The whole chromatin fragment is the key, not the DNA by itself, and that's something we absolutely will do a lot of work on this year. And if we can show any of this, it would be a massive breakthrough and a very big publication and really help us and products.

Alright, thank you, Cameron, for taking the question. Looking forward for future updates.

Thank you.

We have reached the end of the question-and-answer session. I would now turn the call back over management for any closing remarks.

Thank you very much for your time. And it's a very exciting time for us. And we are looking forward to seeing all of you over the next quarter as we deliver the results, which we've all been working on for a long time there. It's been 10 years.

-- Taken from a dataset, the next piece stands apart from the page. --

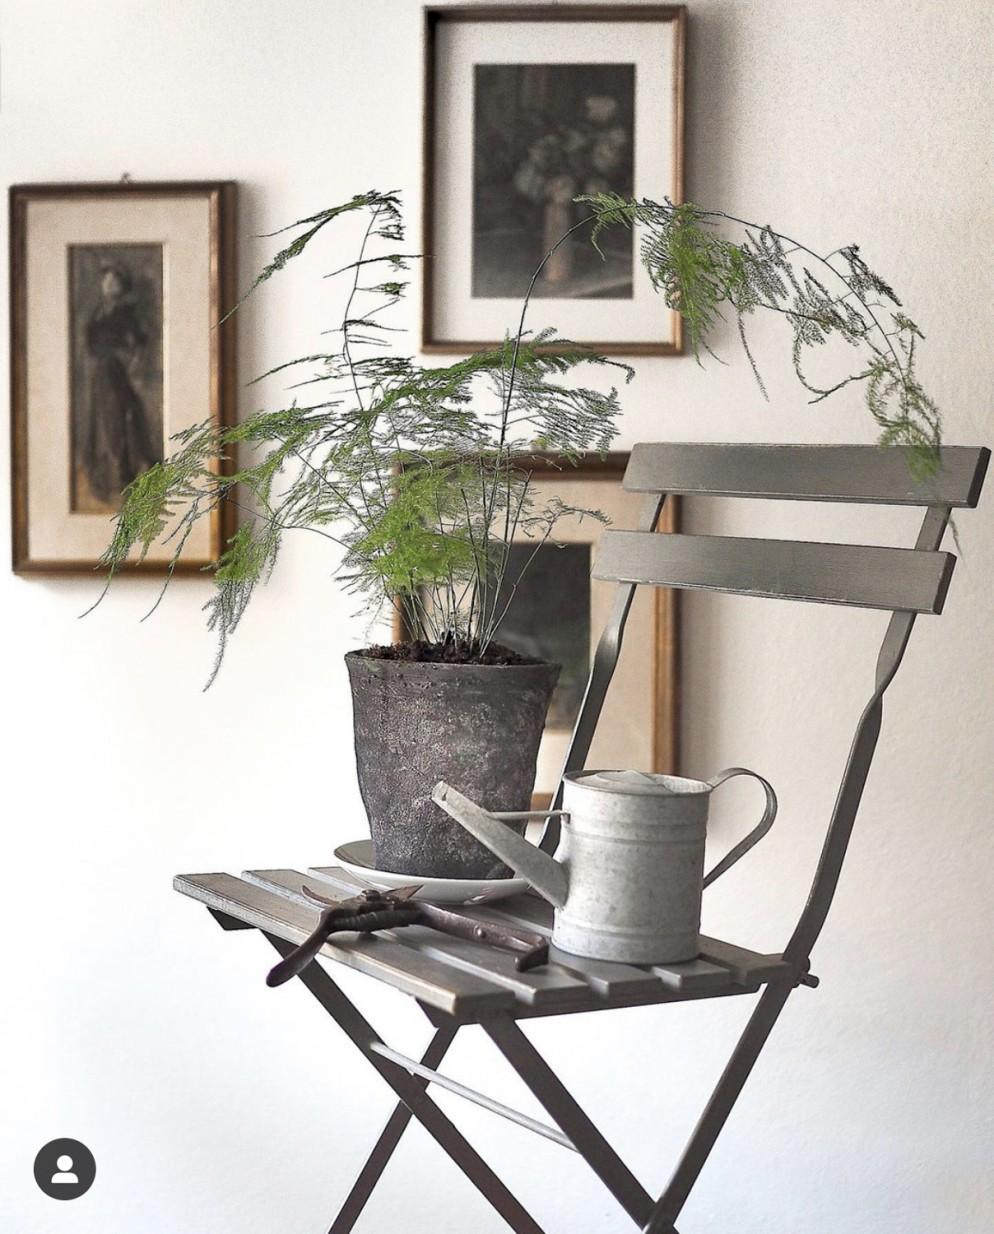 piante-eleganti-appartamento-9. Felce asparagina @aboutgarden-living-corriere

And we have a lot going on.

Also June 1, we're doing the Capital Markets Day in New York, again on the New York Stock Exchange. So, anyone who could attend, particularly the analyst side would be very helpful. We intend to have a lot of data by then and also quite a few of our experts. You can really get in-depth on the questions. So, June 1 will be a big day for them. Thank you very much for your time.

This concludes today's conference. You may disconnect your lines at this time. Thank you for your participation. Have a great day.